Industrialised countries have a competitive advantage,since sources of finance for investments are generally more easily avail­able to them. Although developing countries have plenty of man­power,they often lack the necessary resources to develop tourism adequately and to manage their services in a competitive manner.

A hotel is a commercial establishment offering rooms or furnished apartments to a market which is either passing through the area or staying for several nights. It may offer a catering service, bar and complementary services. It can operate all year round or season­ally. The hotel trade constitutes the principal accommodation capacity in industrialized countries. However, the whole structure of the hotel trade is undergoing profound change. The number of small independent and family-ran hotels is falling, while the num­ber of hotel chains is growing rapidly. A study of the UK hotel sector reveals that in terms of profitability per room, hotel chains are seven times more profitable than non-affiliated hotels. Inde­pendent hotels are grouped together by hotel consortia,in order to compete with integrated and franchised chains. Hotel consortia benefit from economies of scale when it comes to purchasing and marketing. The main benefits of joining a consortium are:

- joint production of guides and brochures, which advertise all the hotels in the chain and are distributed at each hotel through tour operators and travel agencies;

- joint national and international publicity campaigns;

- links into computer reservation system (CRS) which allow agents to book directly from a screen;

- centralized purchasing of hotel equipment to achieve economy of scale;

- technical assistance and management consultancy.

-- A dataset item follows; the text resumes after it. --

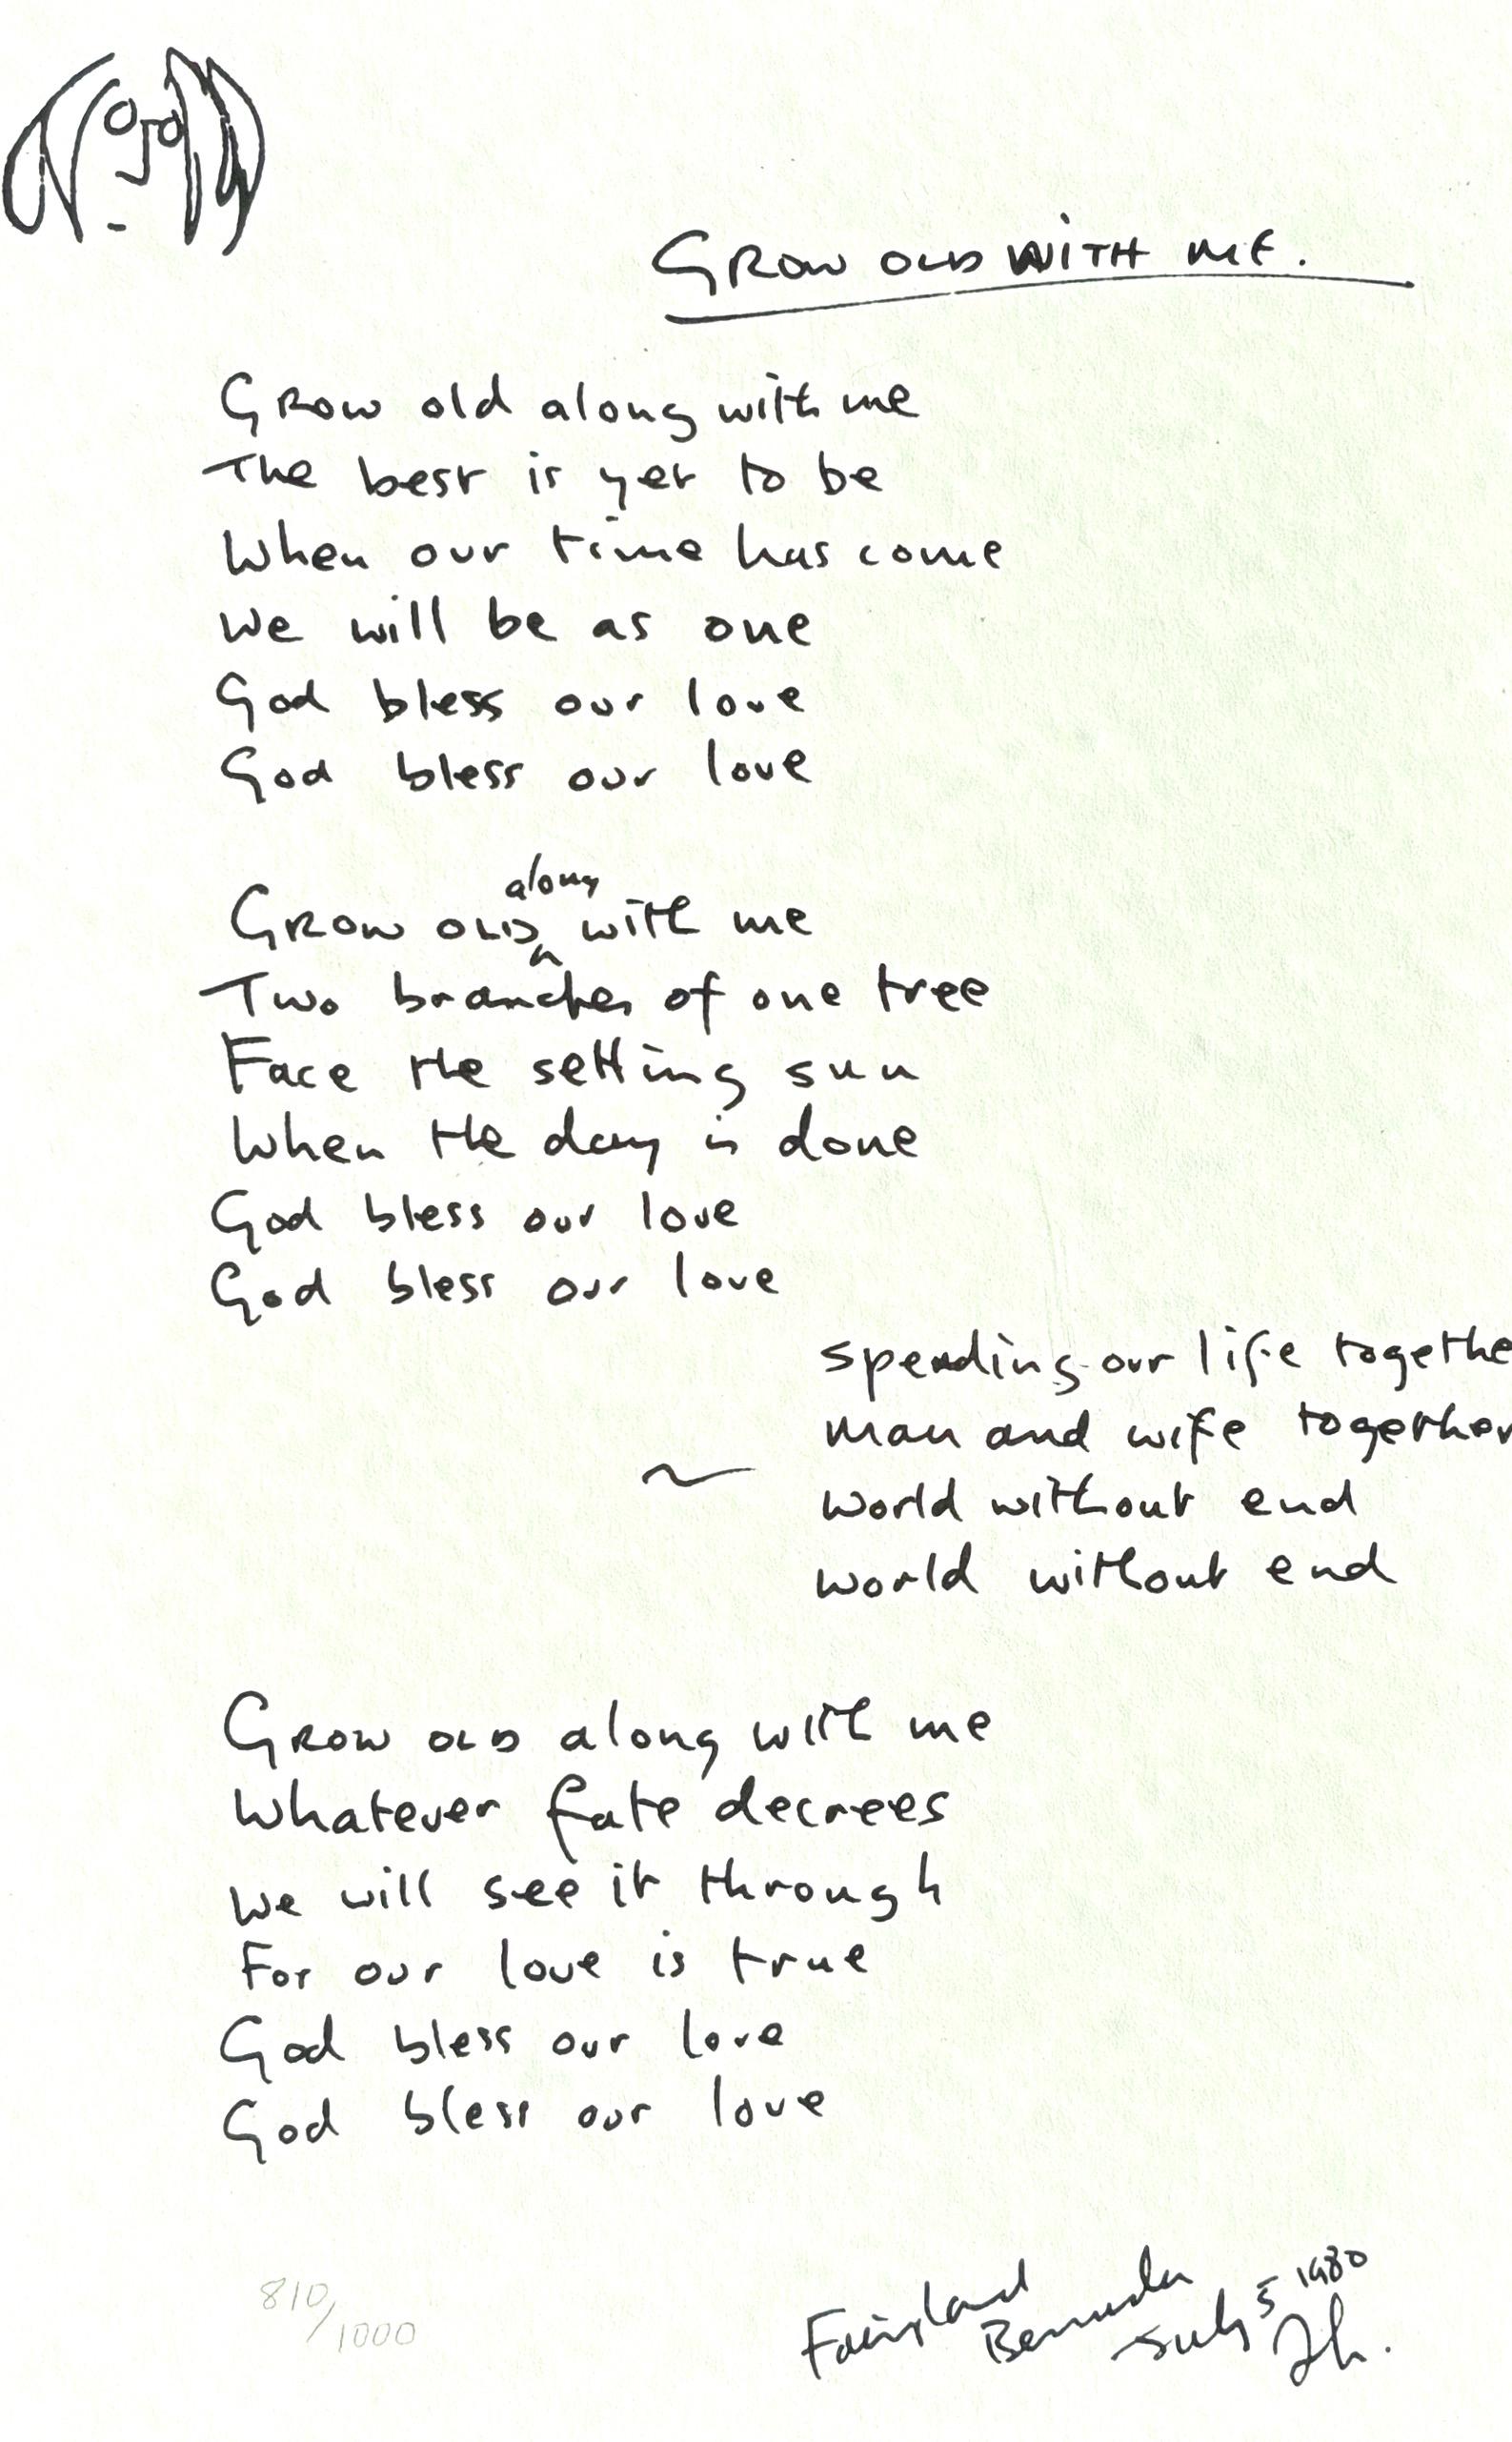  Seltene Serigraphie in limitierter Auflage von John Lennons handgeschriebenem Text für den Song

This enables the small hotel to be represented on the international market while still keeping its managerial independence.

One of the most important divisions of the hotel's administrative staff is the accounting department. Hotel accounting has many dis­tinctive features because guests' bills must be kept up-to-date.

All charges' that a guest incurs must be entered, or posted, on his or her account as soon as possible. In addition to the charge for the guest's room, there may also be charges resulting from the use of the telephone, the laundry service, the restaurant and room service. In addition to posting the guest accounts, all the charges must also be entered on other ledgers or financial records. In many hotels, these postings are done by computerised accounting machines, but in smaller operations they are still done by hand.

All the financial transactions not only must be posted, but also must be checked for accuracy. This is usually the job of a night auditor,who goes through this mass of figures on the night shift, when there is little activity in the hotel. The size of the accounting staff varies with the size of the hotel. A large operation employs a chief accountant,who is on charge of all the hotel's financial re­cords. The statements that he prepares for the management are im­portant in locating trouble spots in the hotel's operation and thus in determining overall policies. A good accountant can analyze an unprofitable operation quickly. Management then can either try to correct the problem or eliminate the operation. A small hotel usually employs an outside accountant to check its books periodi­cally.

In addition to the head accountant, bookkeepers on the staff post the transactions in the various ledgers and guest accounts. In a small establishment, the manager may take care of the bookkeep­ing himself.

Cashiers provide financial services to the customers at the front desk, including receiving payment for bills, making change, and exchanging foreign currency. Cashiers in the various restaurants, bars, and shops in the hotel may also be responsible to the ac­counting office.

In addition to the night auditor, mentioned above, who checks the accuracy of the records, another kind of auditor is brought in from outside the hotel to check the reliability of financial statements and records.

Some hotels also have a credit manager on the staff who checks the financial ability of the hotel's customers or others with whom the hotel deals. This individual also is often responsible for trying to collect overdue accounts.